Browsers and OS vendors must provide clear explanations, when adding a third-party certificate. For example, Android shows a notification that traffic can be intercepted and allows to disable third-party root certificates.

said 6 months ago:
slezyr said 6 months ago:

Why no one does same against all other countries? Why not make browser, which can by pass all blocks and etc? And why it's not default already?

All these news about Kazakhstan just feels like a farce. Go ahead and do same against China.

dchest said 6 months ago:

Because no other country yet required their citizens to install root certificate, which the browsers can block.

(Speaking of China, Google did remove Chinese CA after it was used for MiTM https://security.googleblog.com/2015/03/maintaining-digital-...)

MaxBarraclough said 6 months ago:

In the interests of precision: nothing there says it was the doing of the Chinese state. A private company, MCS Holdings, was at fault there.

codedokode said 6 months ago:

It doesn't matter who ordered to issue a certificate, a CA must not issue fake certificates anyway and discovery of such a certificate is a proof of violation of rules.

tialaramex said 6 months ago:

Where did you get the idea that this can "pass all blocks" ? You can't _pass_ blocks, a Man in the Middle isn't obliged to pass anything from you to the other party. You can only decide you'd rather the connection fails than have it be intercepted.

It turns out that humans are strongly disinclined to accept failure. Once they have set upon a course of action they'll see it through despite almost any cost, they are focused on achieving their goal. This is related to the sunk cost fallacy. For interception MITM attacks this means the attack will very likely work _unless_ we just treat it as a failed connection.

If you interrupt a human trying to do something with "The government of Kazakhstan wants to intercept your connection and arbitrarily change everything. OK?" the human doesn't even read as far as "Kazakhstan" before they push OK. "OK already computer, stop bothering me". So there's no point offering failure as an option, users will pick "OK" anyway.

Instead the correct solution is for the browser to just treat interception as failure as a matter of policy. Users aren't surprised if you do this, now the browser just can't connect when there's a problem, which is already how they understood things. And because they can't just press "OK" they are freed from their plan, it has failed, and now they can re-evaluate.

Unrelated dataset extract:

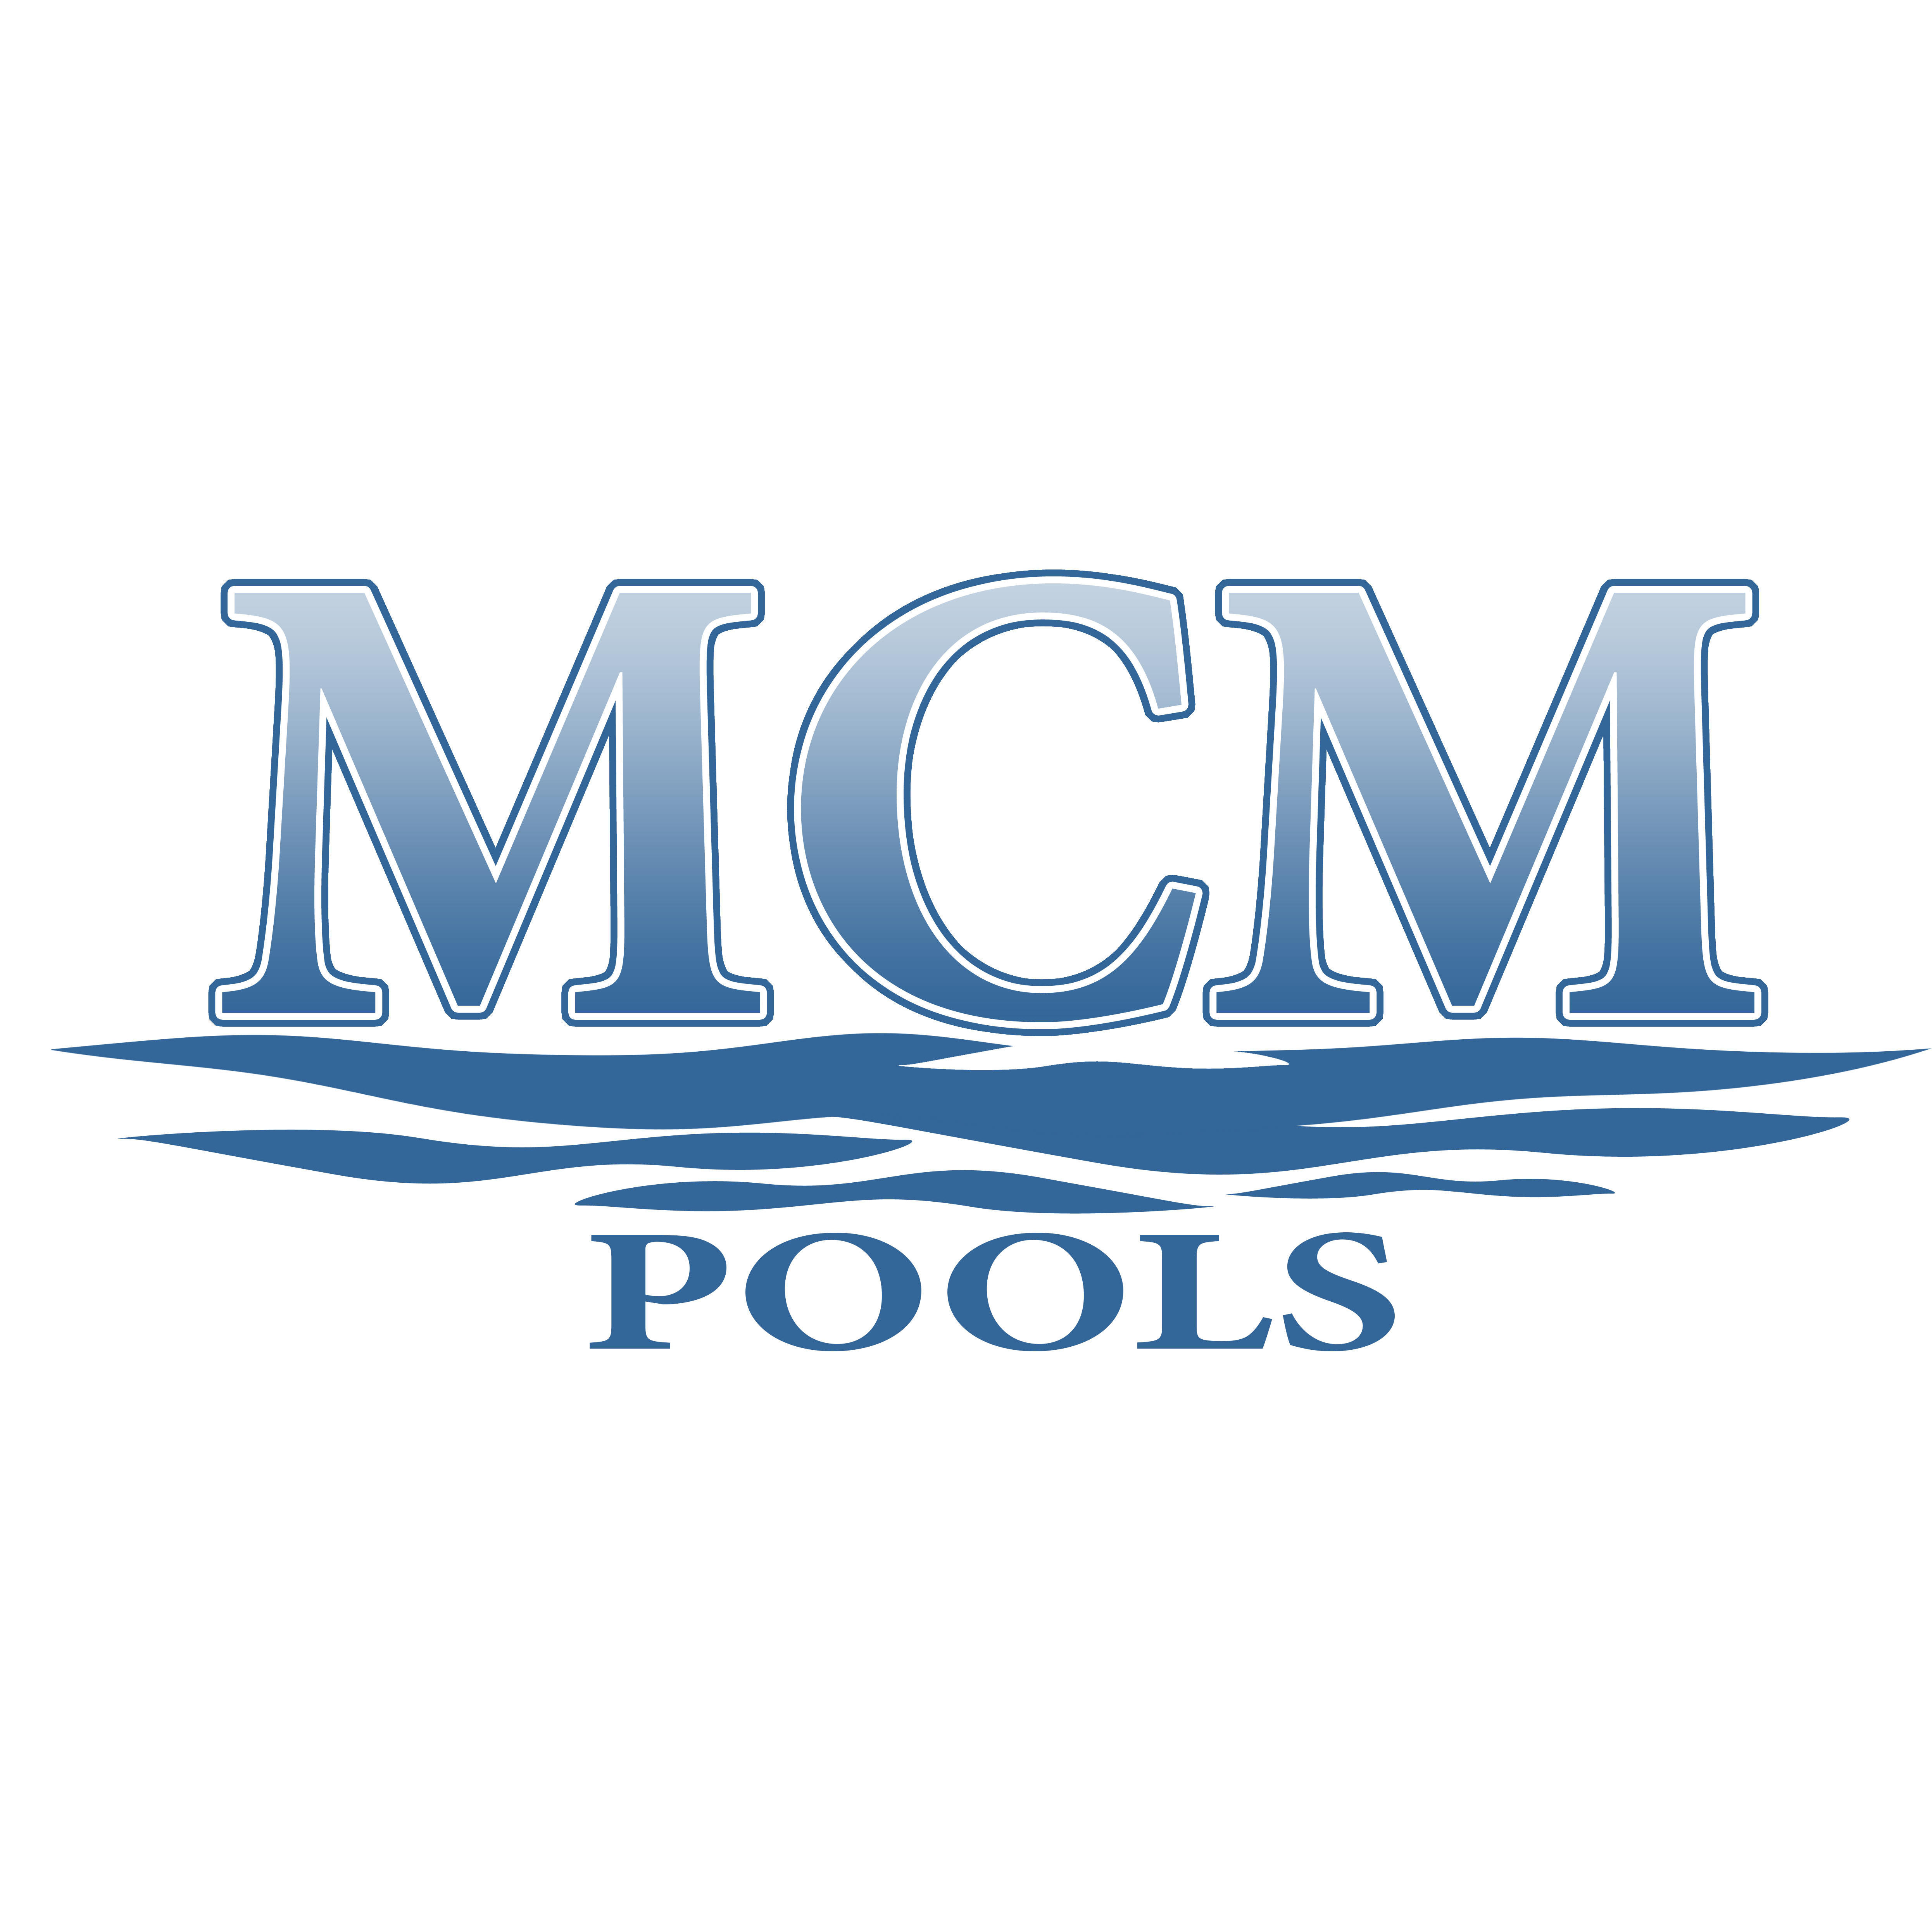 MCM Pools Inc. - Norton, MA - Swimming Pools & Spas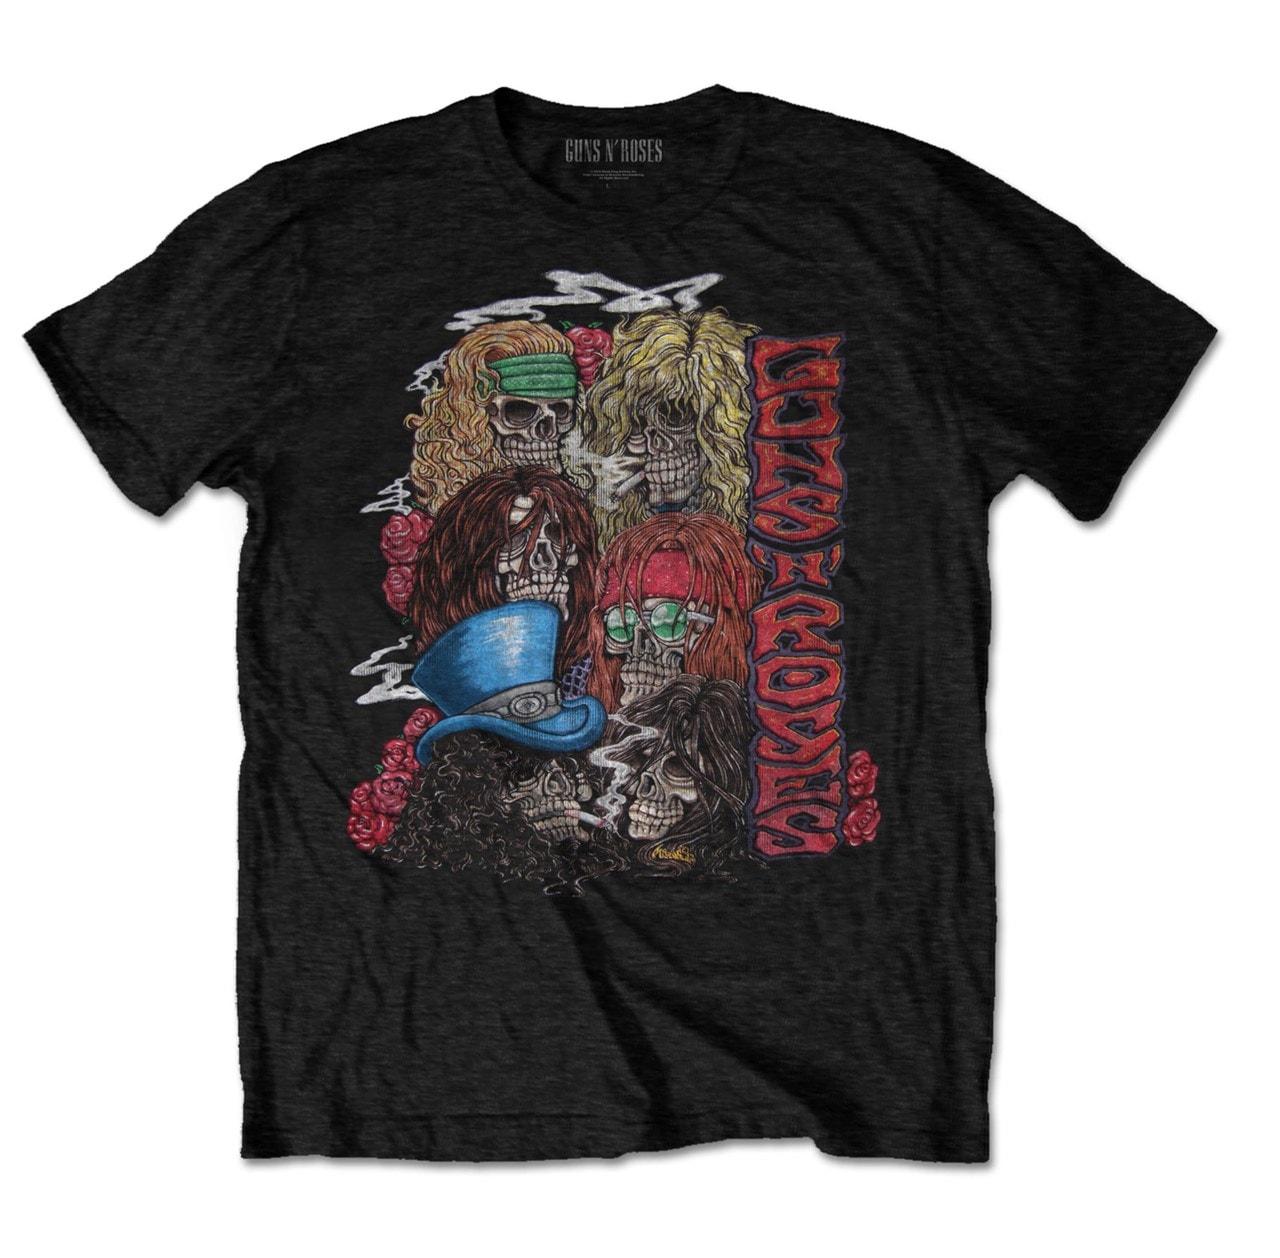 Guns N Roses: Stacked Skulls (hmv Exclusive) (Small) - 1

keiferski said 6 months ago:

Pretty simple answer really: money. It’s easy for browsers to get public support and brownie points “standing up to censorship” against a small country like Kazakhstan where they have almost nothing to lose. The browsers look like heroes, there are no real financial losses, and everyone is happy.

adventured said 6 months ago:

Kazakhstan has 3/4 the population of Australia and would be the 10th largest country in Europe by population. It's certainly not that small. Australia, for one example, routinely gets lambasted for its poor privacy and encryption policies.

It also has a GDP per capita on par with Turkey and China, just below Russia. So it's simultaneously not about conveniently picking on a super impoverished nation either.

bonzini said 6 months ago:

China's firewall does not do man-in-the-middle in the same way as Kazakhstan. It may well be that it does surveillance by virtue of knowing the private part of some certificates (including RapidVPN), but that is a different thing.

megous said 6 months ago:

Because it's not possible in general.

Bypassing blocking is dependent on how the blocking is being done.

Anyway, browsers are trying. DoH for example, will work around DNS based blocking (as long as CAs can be trusted).